Date night quarantine style? I got you covered 😎. Get ready to up your seafood ante with these pan seared lemon garlic butter scallops!
Whenever we go out (use to go out, #precovid) somewhere fancy, Dan and I always seem to order scallops. Not the drenched in cream kind, but the simple, butter, zesty, garlicky kind with a sprig of green and lemon slice.
IMO that's all there is to a good scallop - the simpler the better. Honestly that's my general rule for seafood and I'm sticking with it!
On that note, that's really all there is to these seared lemon garlic butter scallops. The scallops themselves take literally 5 minutes in the pan. Not per side, total. And then throw in some butter, lemon juice, white wine, fresh herbs, and garlic. Whisk for a couple minutes.

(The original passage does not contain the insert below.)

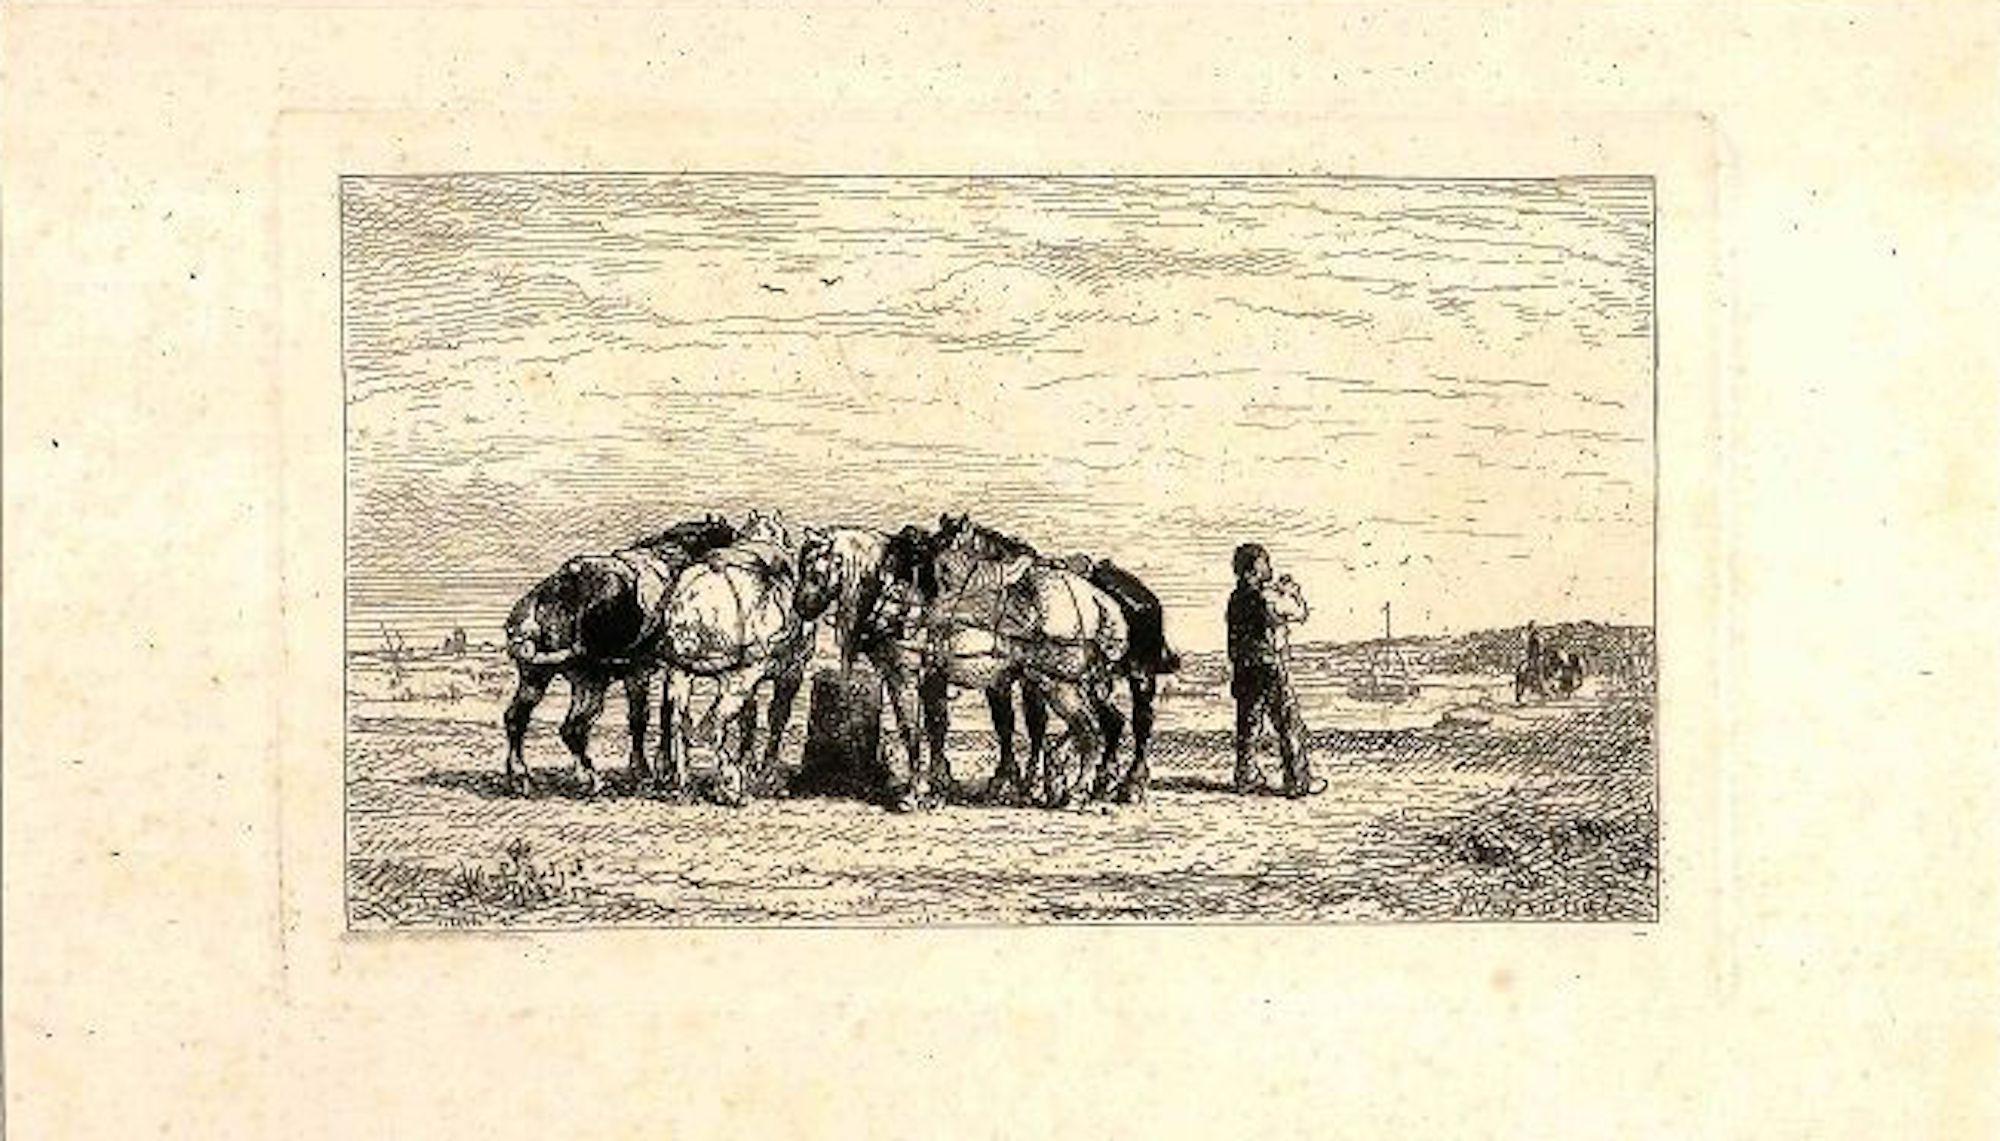 Jules Jacques Veyrassat Figurative Print - Horses in the Landscape - Original Etching by J.J. Veyrassat - Late 19th Century
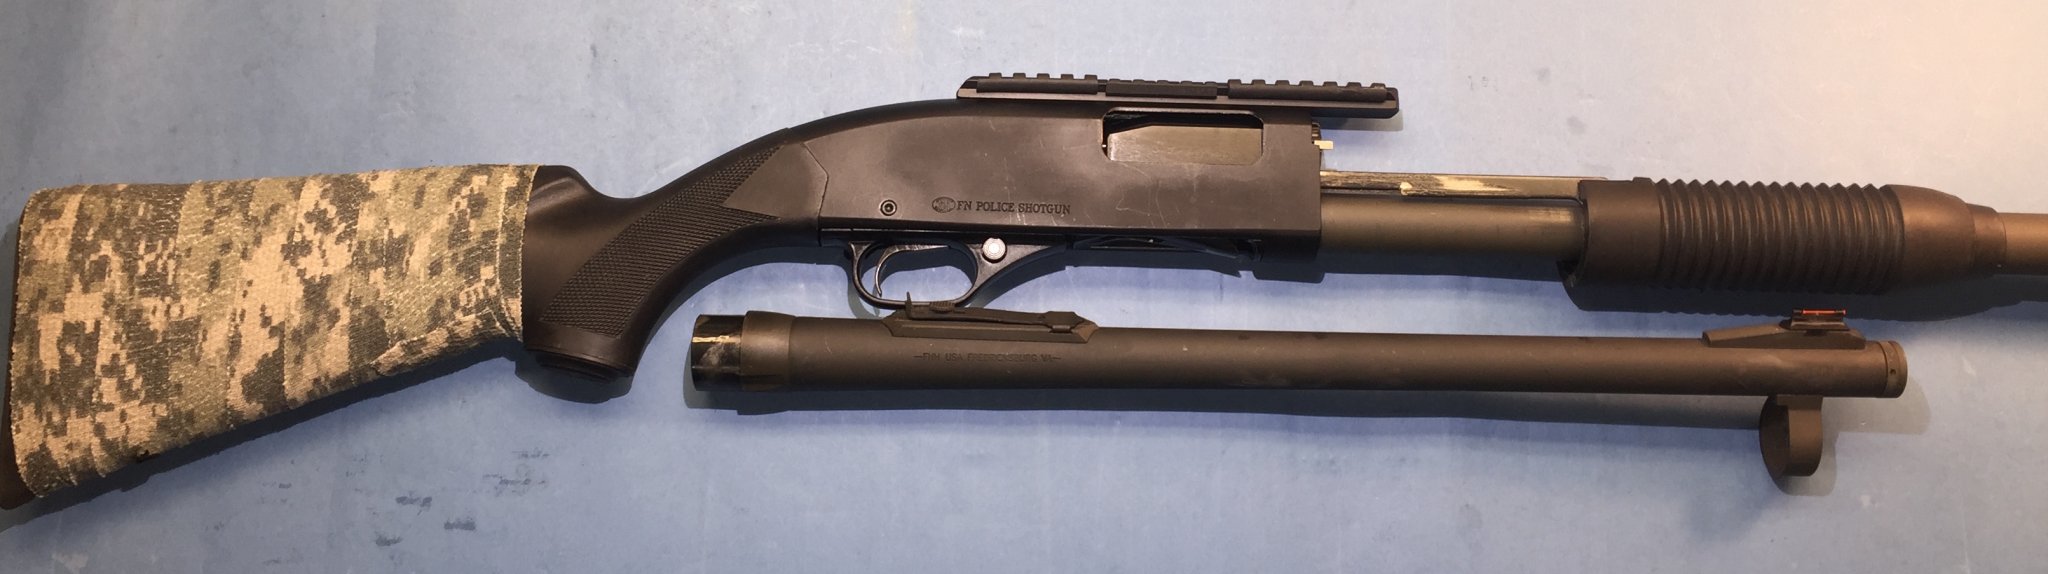 IMG_7252 Herstal FN Police Winchester 1300 Shotgun Adjustable Choke Tubes copy.JPG

Aaaaand done! Drizzle the sauce on top of your golden crusted scallops and serve with a couple lemon slices. If you want to get real fancy, maybe whip up a little parmesan risotto for extra yums.
Ready to snazz up your date night menu? Scroll down for the recipe!Print
Perfectly seared scallops done in just one pan with a zesty, buttery, garlic white wine sauce.
- 1 lb jumbo scallops (about 8-10 scallops)
- 2 tablespoons extra virgin olive oil
- 4 tablespoons unsalted butter
- 2 garlic cloves, minced
- 1 tablespoon dry white wine or white wine vinegar
- 1 tablespoon fresh lemon juice
- ½ teaspoon fresh rosemary, roughly minced
- ½ teaspoon fresh thyme leaves
- ½ teaspoon coarse salt
- ⅛ teaspoon ground black pepper
- Remove the side muscle from the scallops if any is left. Pat scallops dry as much as possible. The drier the better!
- Heat oil in a large, non stick skillet. Sprinkle scallops with salt and pepper and once the pan is sizzling hot, add them to the pan. Shake the pan gently to keep them from sticking and tearing. Cook 3-4 minutes. Flip scallops over and cook 1-2 minutes. They should have a golden brown crust on their tops and bottoms with an opaque middle. Once done, set on a paper towel to soak up any excess oil.
- Working quickly, melt butter in the same pan. Whisk in garlic and cook 1 minute, until fragrant.
- Whisk lemon juice, white wine, rosemary, and thyme, cooking until mixed and warmed through. Season with salt to taste.
- Plate scallops and drizzle with pan sauce. Garnish with any extra chopped herbs and serve immediately.